Researchers also have developed tools to detect attentional states related to learning in AI environments, including boredom and engaged concentration. Situational interest is described as moments of focused attention to stimuli which may or may not be sustained over time (Hidi and Renninger 2006), thus situational interest is related to and has the potential to modify students’ attentional states. Baker et al.'s (2010) affective states detectors predict attentional states of boredom and concentration using indicators like previous help requests, duration of actions, how often a hint is followed by an error, actions where the student is predicted to have learned after guessing, giving an incorrect answer rather than asking for a hint, and so on. These detectors were developed using classroom observations of students’ affective states (Ocumpaugh et al. 2012) and subsequent data mining methods to identify common features that appear in students’ log files. Similar detectors developed by Baker and colleagues have successfully predicted learning outcomes (Aleven et al. 2006), including preparation for future learning (Baker et al. 2011), standardized test scores (Pardos et al. 2013) and college attendance (San Pedro et al. 2013).
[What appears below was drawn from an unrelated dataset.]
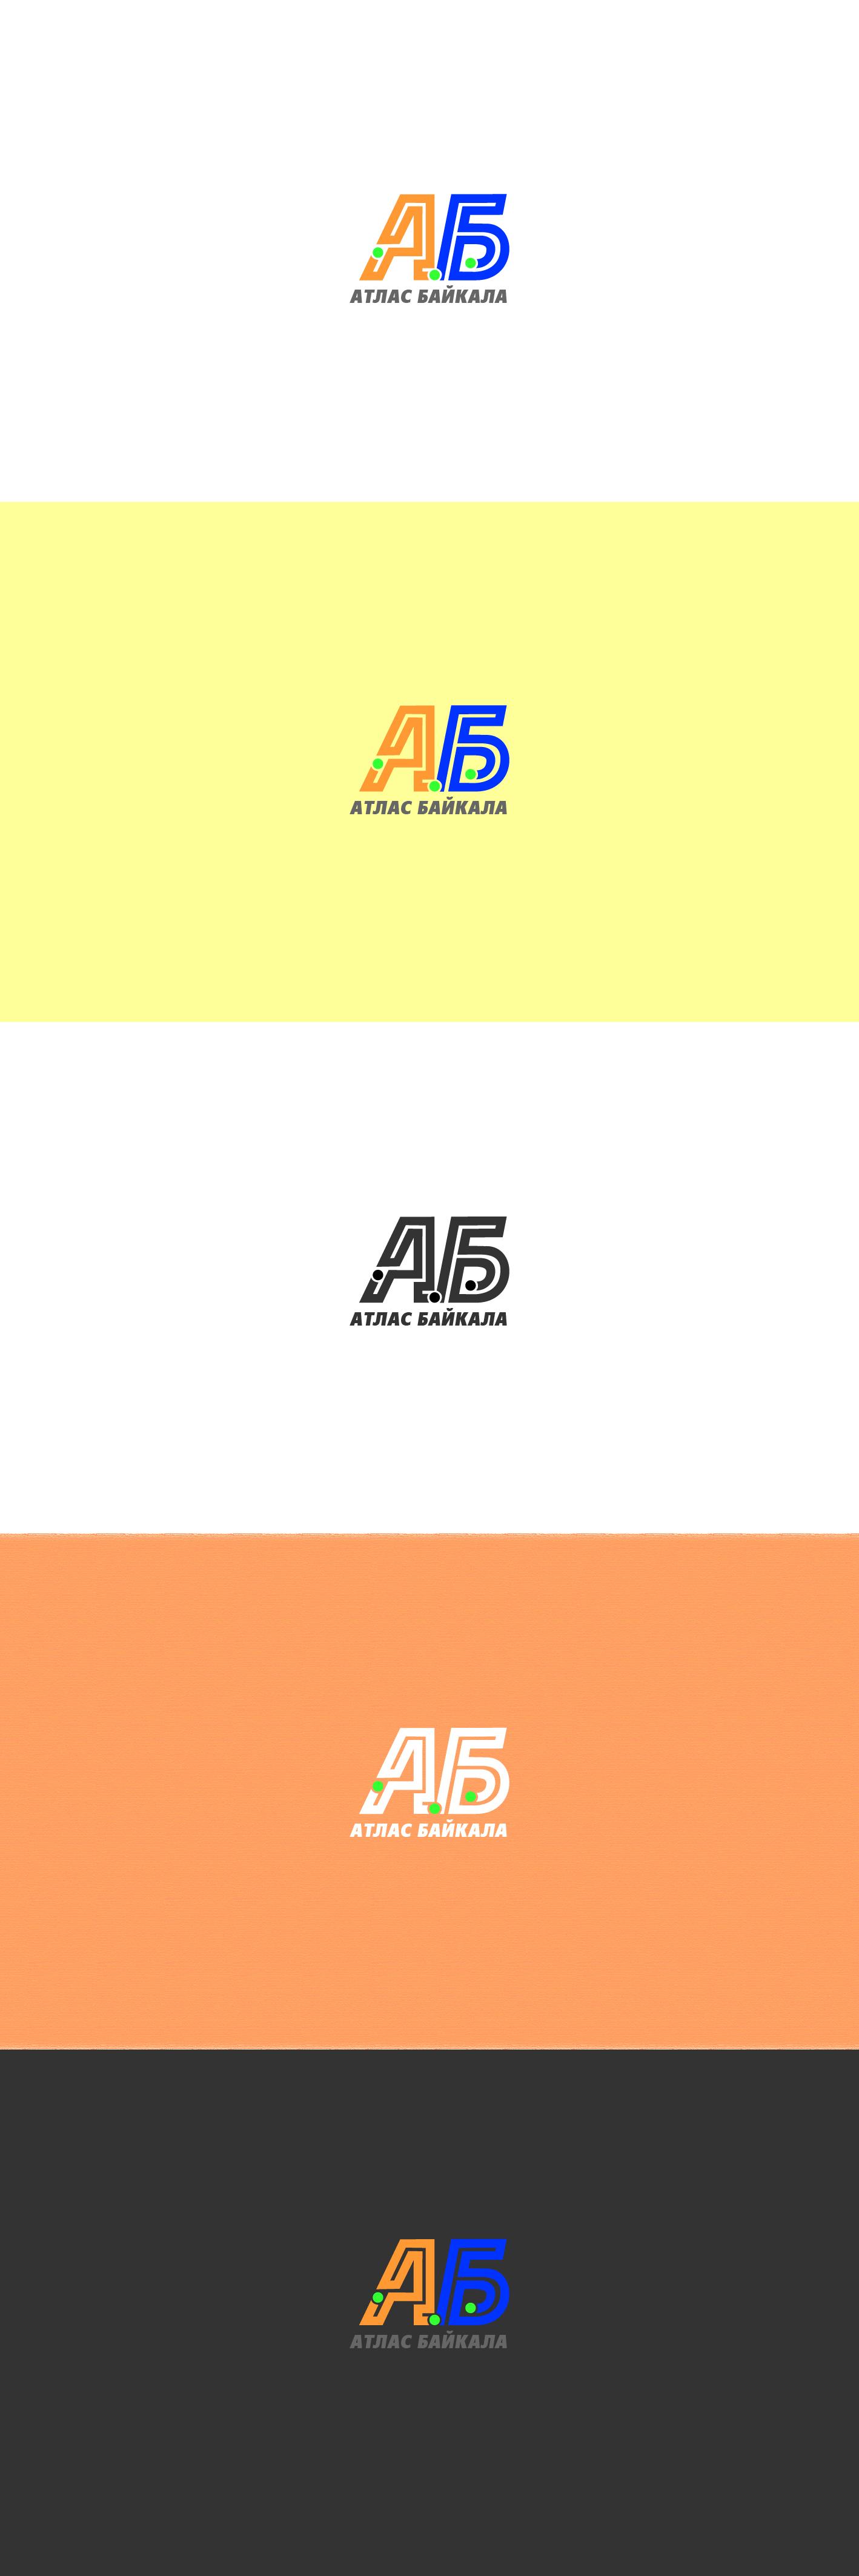 Разработка логотипа Атлас Байкала фото f_0235b0c51e27b873.jpg

Another element related to attention is efficiency – Renninger and Hidi (2016) describe how processing interesting information is more efficient due to automatic allocation of attention. Koedinger et al. (2012) argue that because instructional time is so important in classrooms, the efficiency of learning is an important measure. In the present investigations, cognitive and affective processes that have hypothesized relations to situational interest and that are common to measure in an AI environment – such as efficiency, gaming, and affective states – are included.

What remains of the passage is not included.